Leave every picture out and return the rest of the listing verbatim.

= DATA PROVIDED =
= = = = =
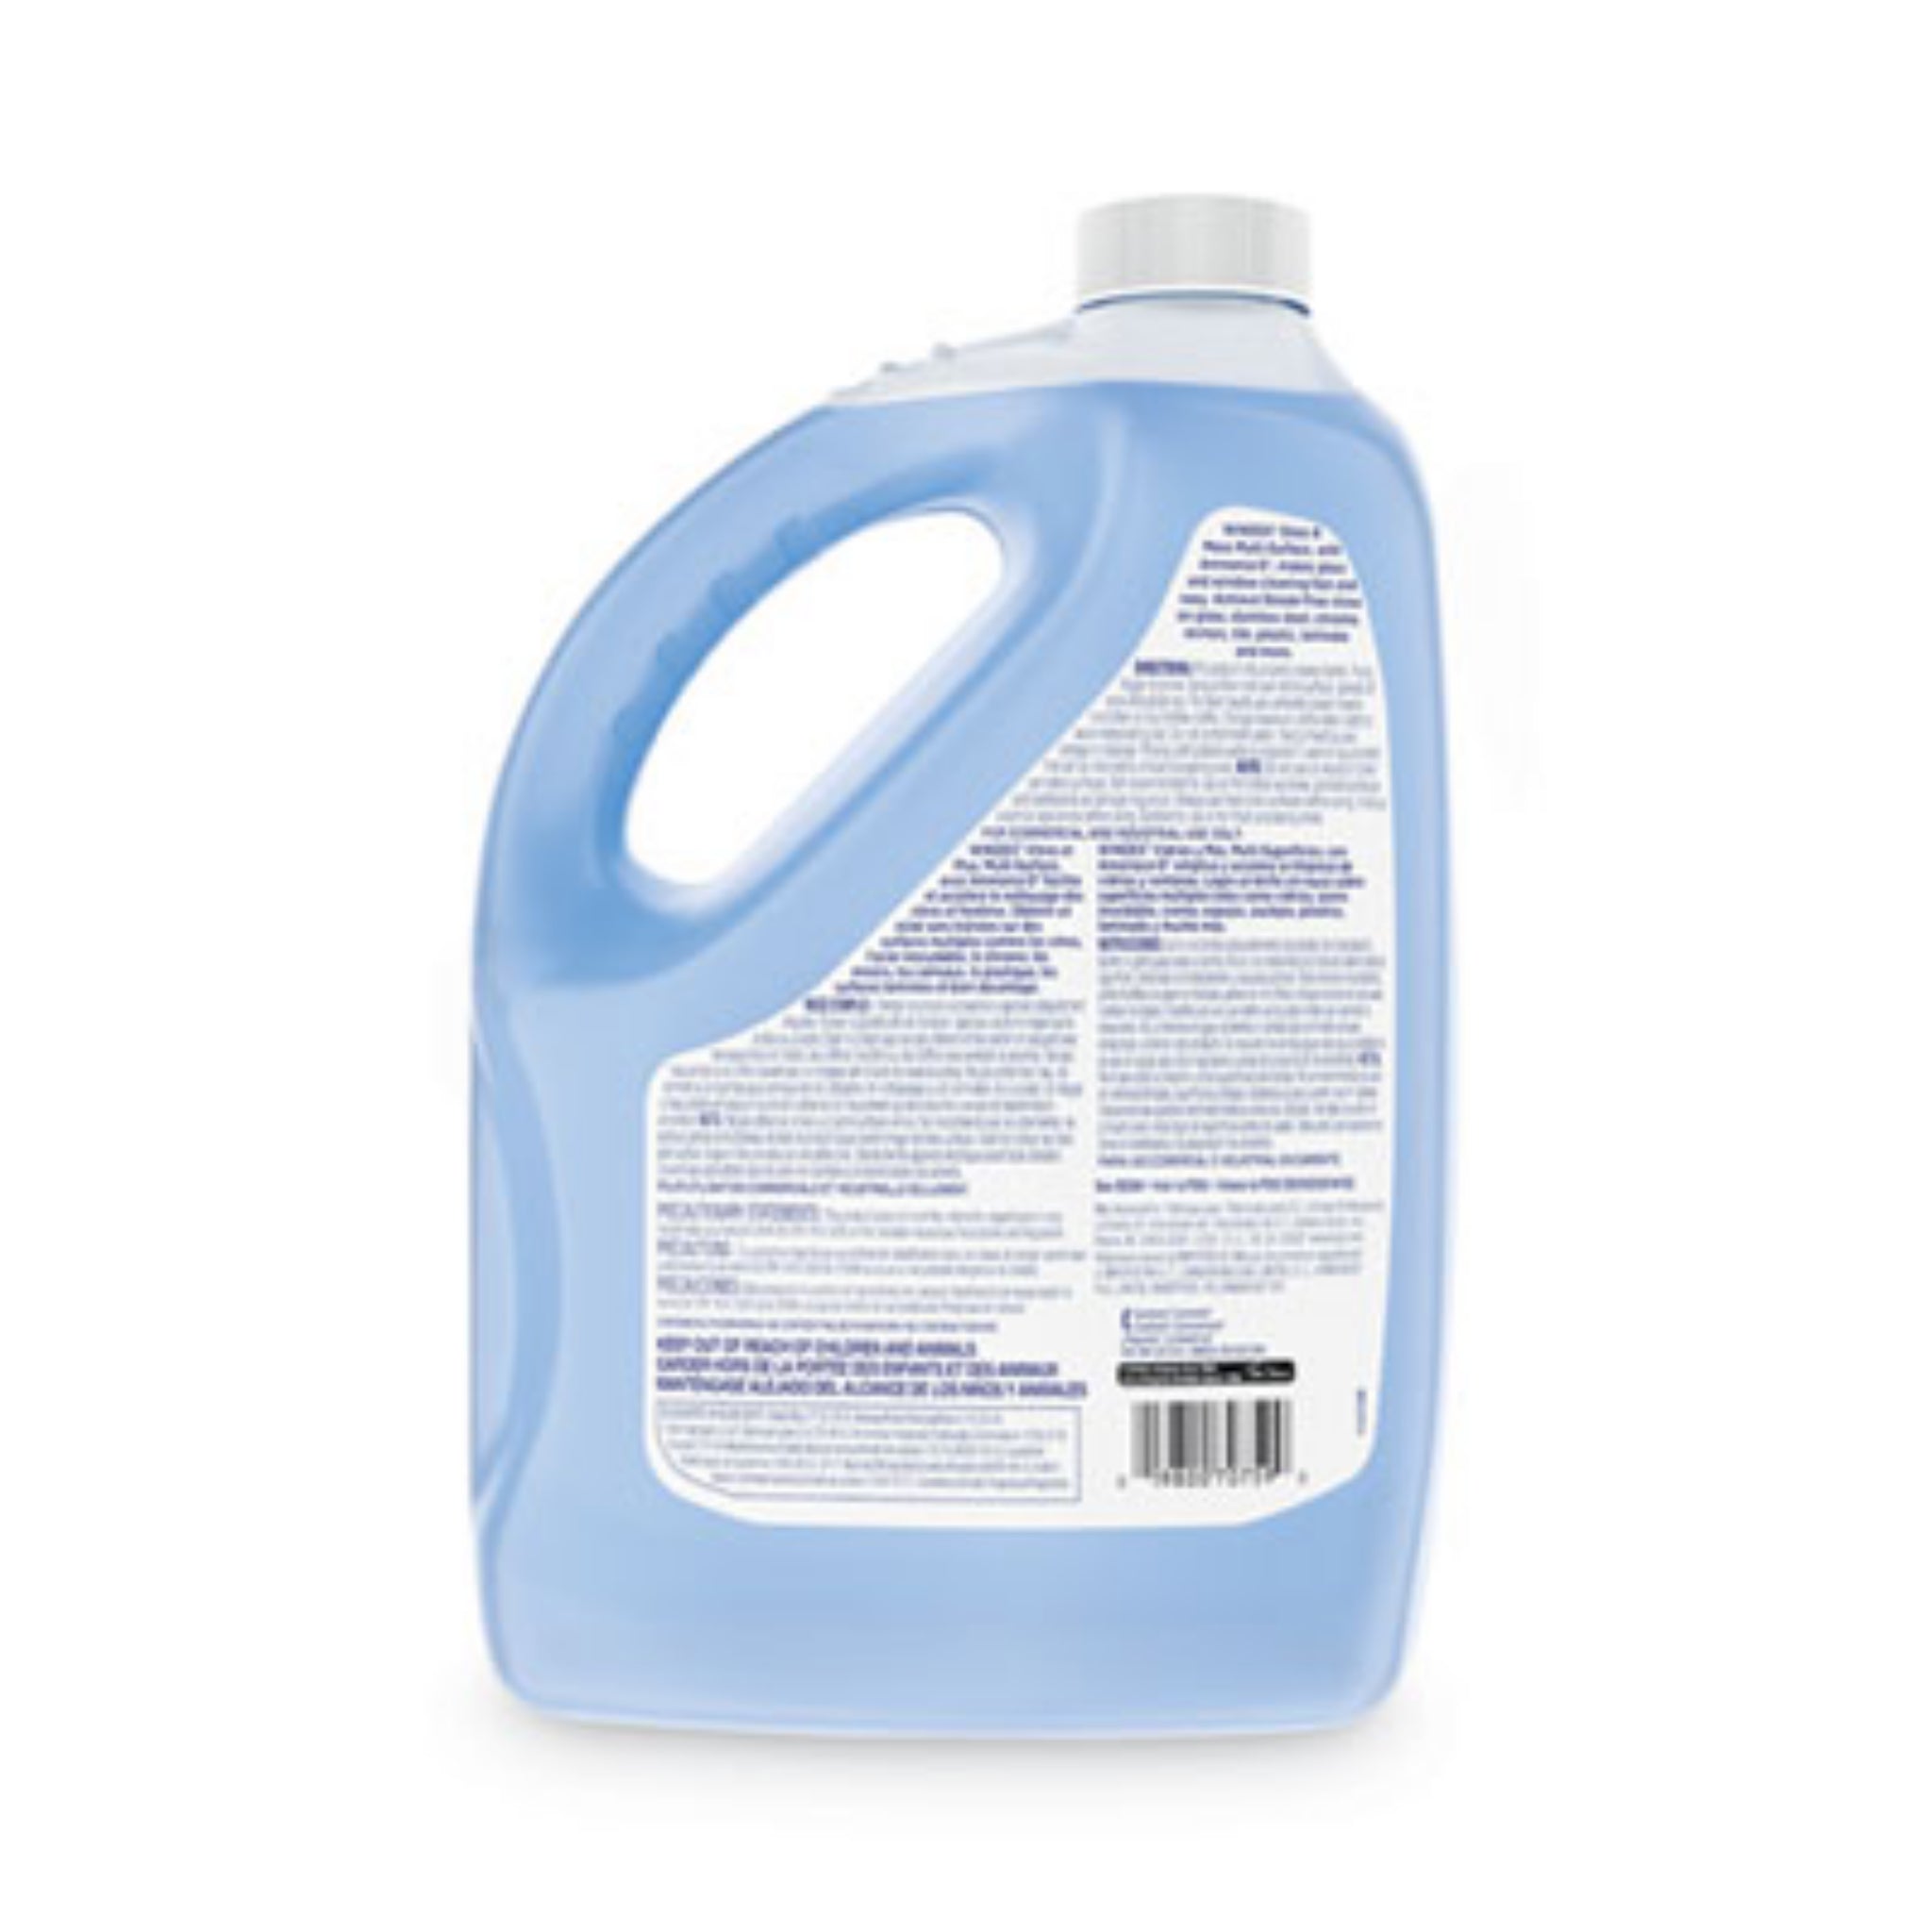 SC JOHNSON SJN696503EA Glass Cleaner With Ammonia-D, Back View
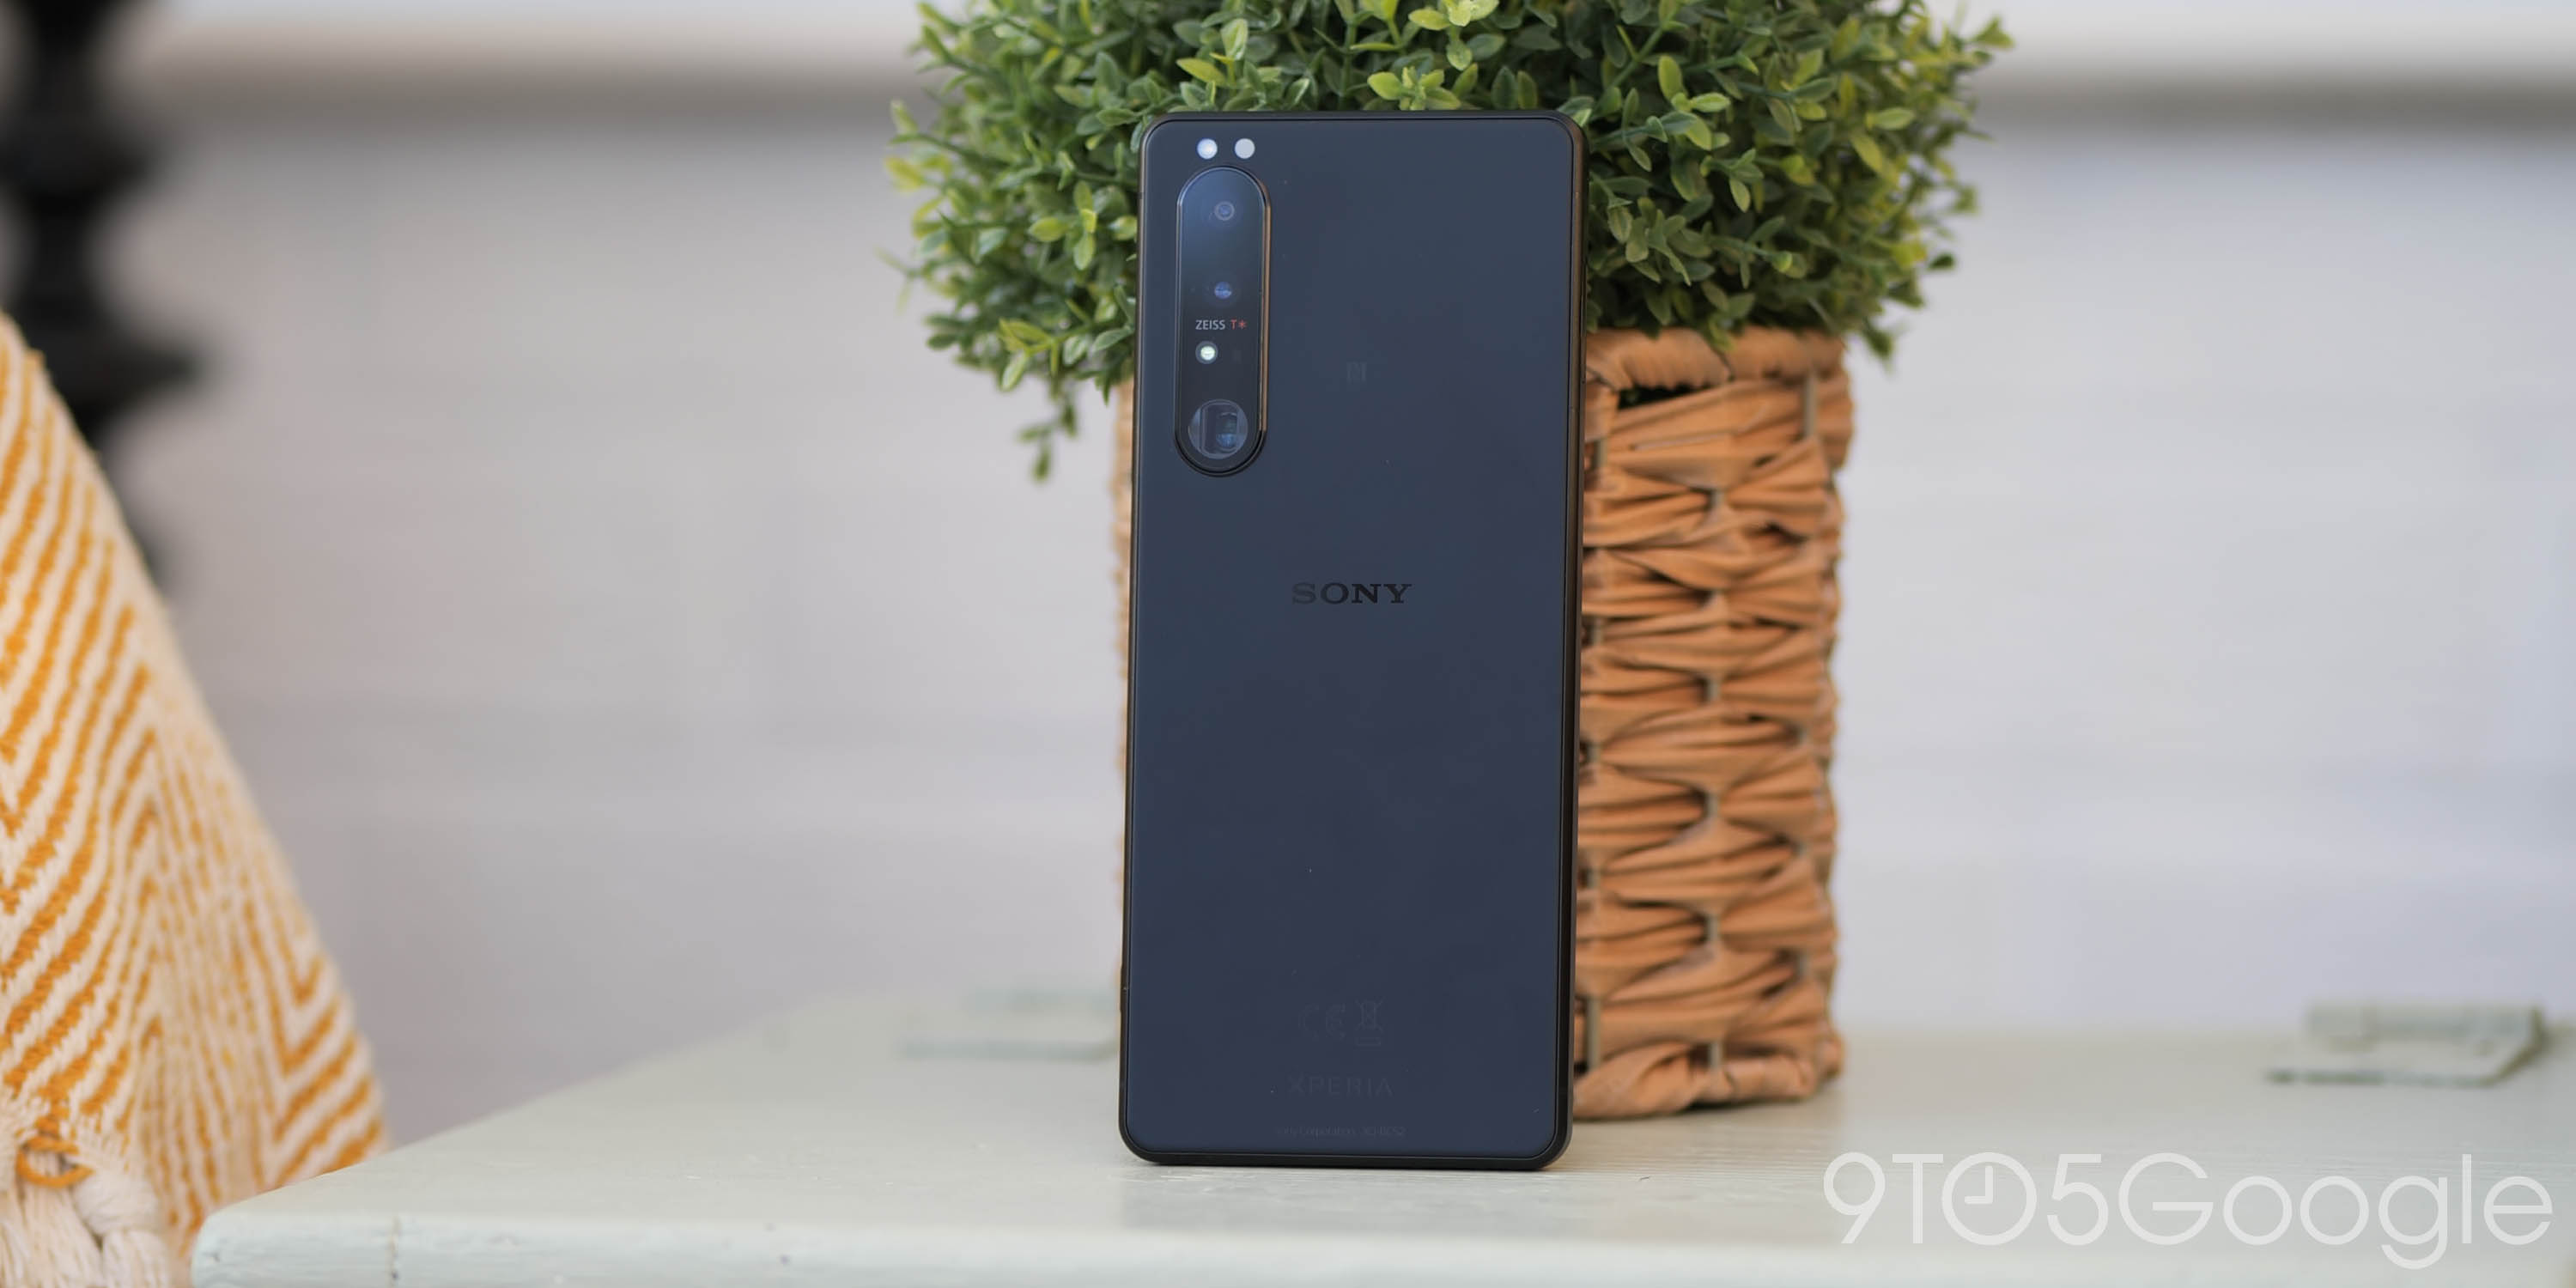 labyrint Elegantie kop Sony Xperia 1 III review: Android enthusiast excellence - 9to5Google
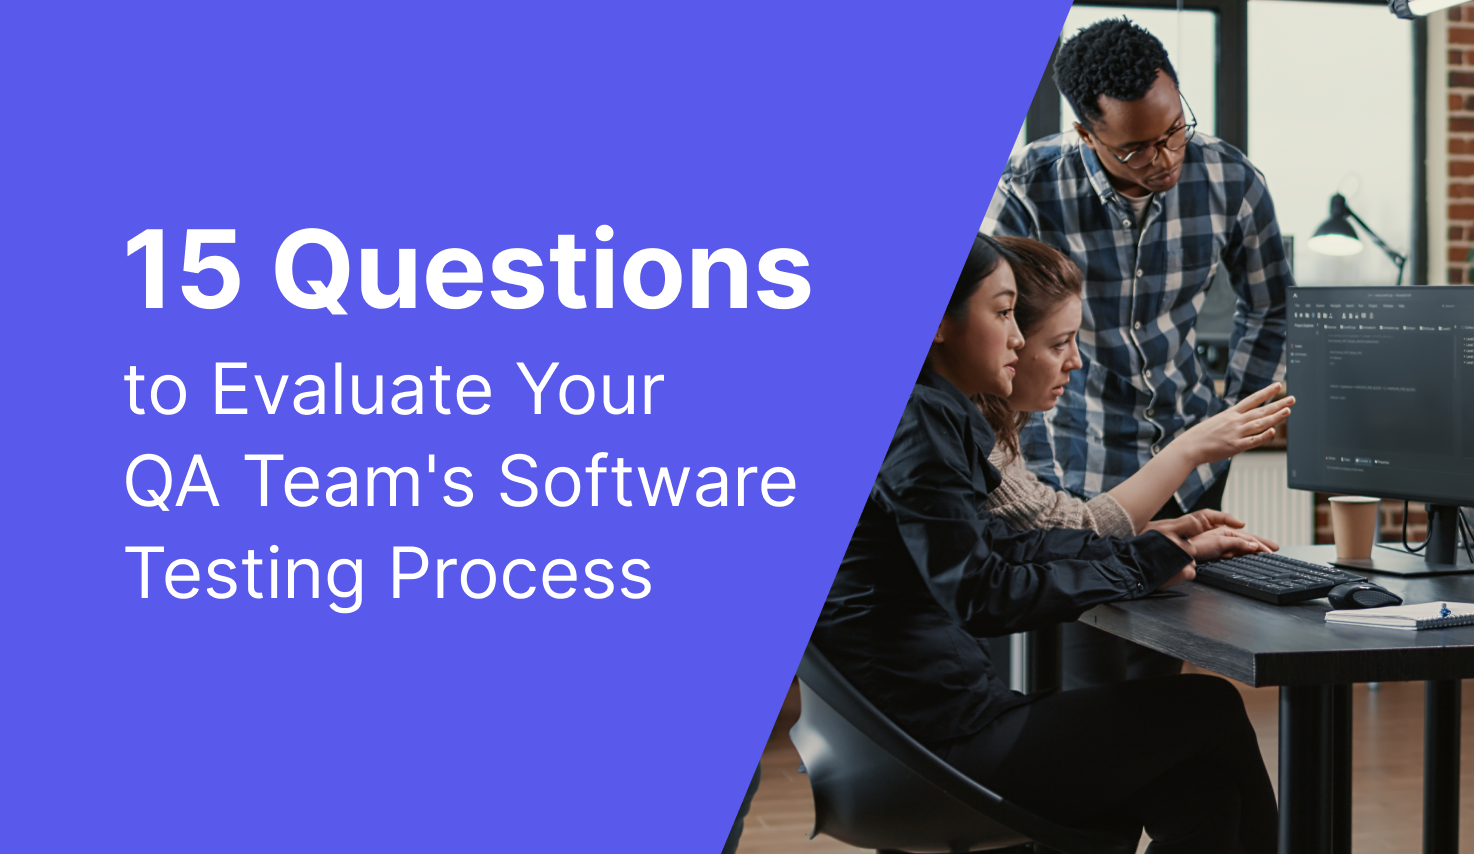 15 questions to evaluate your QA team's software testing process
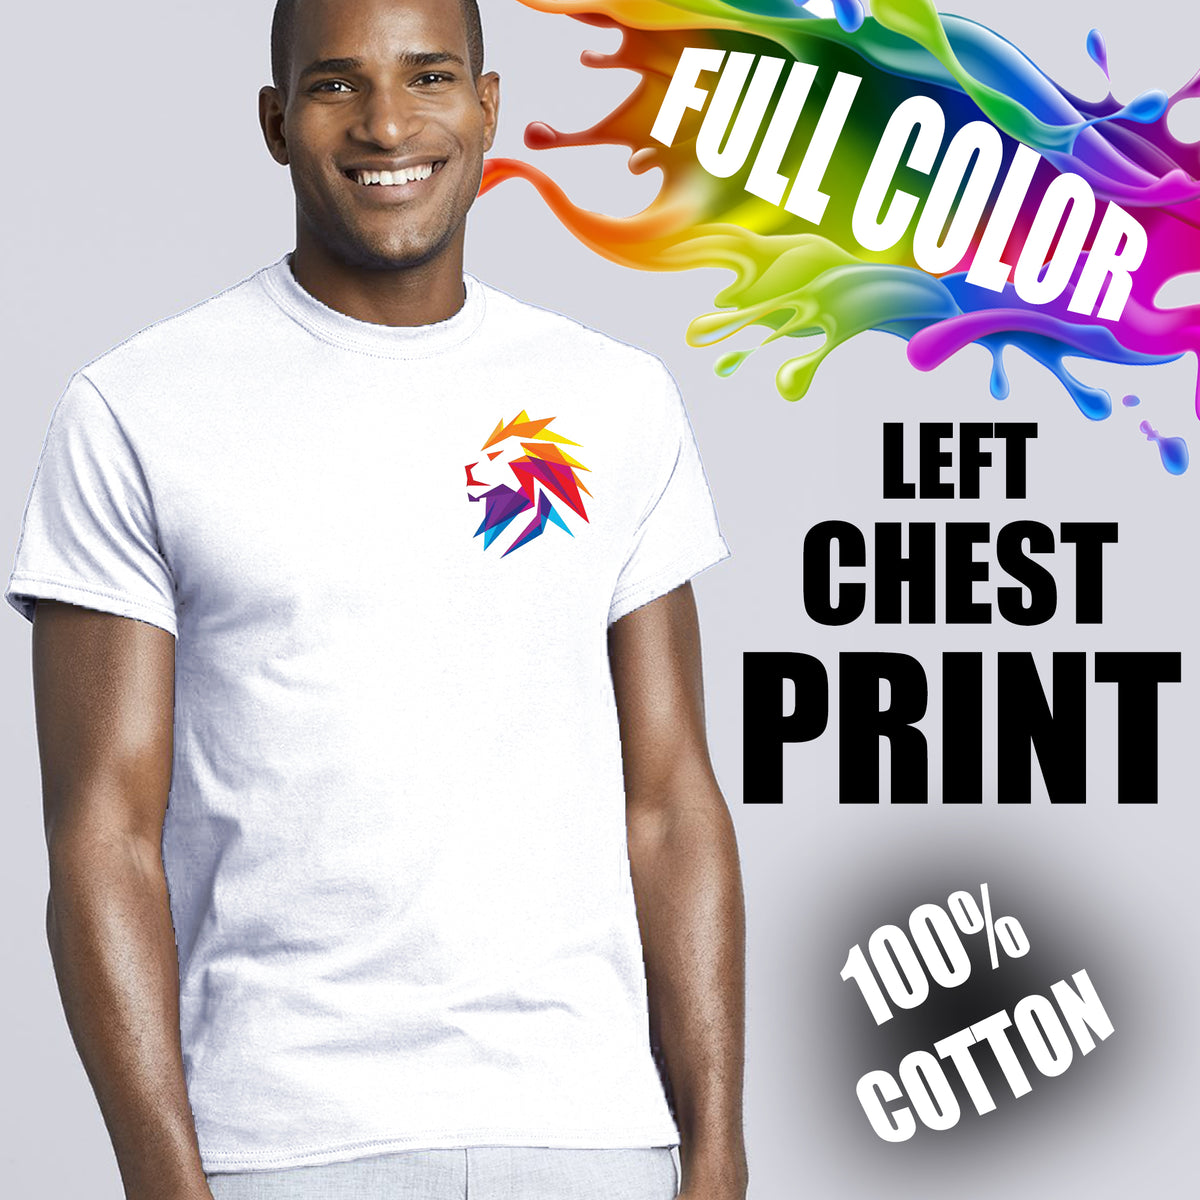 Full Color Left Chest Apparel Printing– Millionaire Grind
= = = = =
= ANSWER TO THE EXERCISE =
 SC JOHNSON SJN696503EA Glass Cleaner With Ammonia-D, Back View
 labyrint Elegantie kop Sony Xperia 1 III review: Android enthusiast excellence - 9to5Google
 15 questions to evaluate your QA team's software testing process
 Full Color Left Chest Apparel Printing– Millionaire Grind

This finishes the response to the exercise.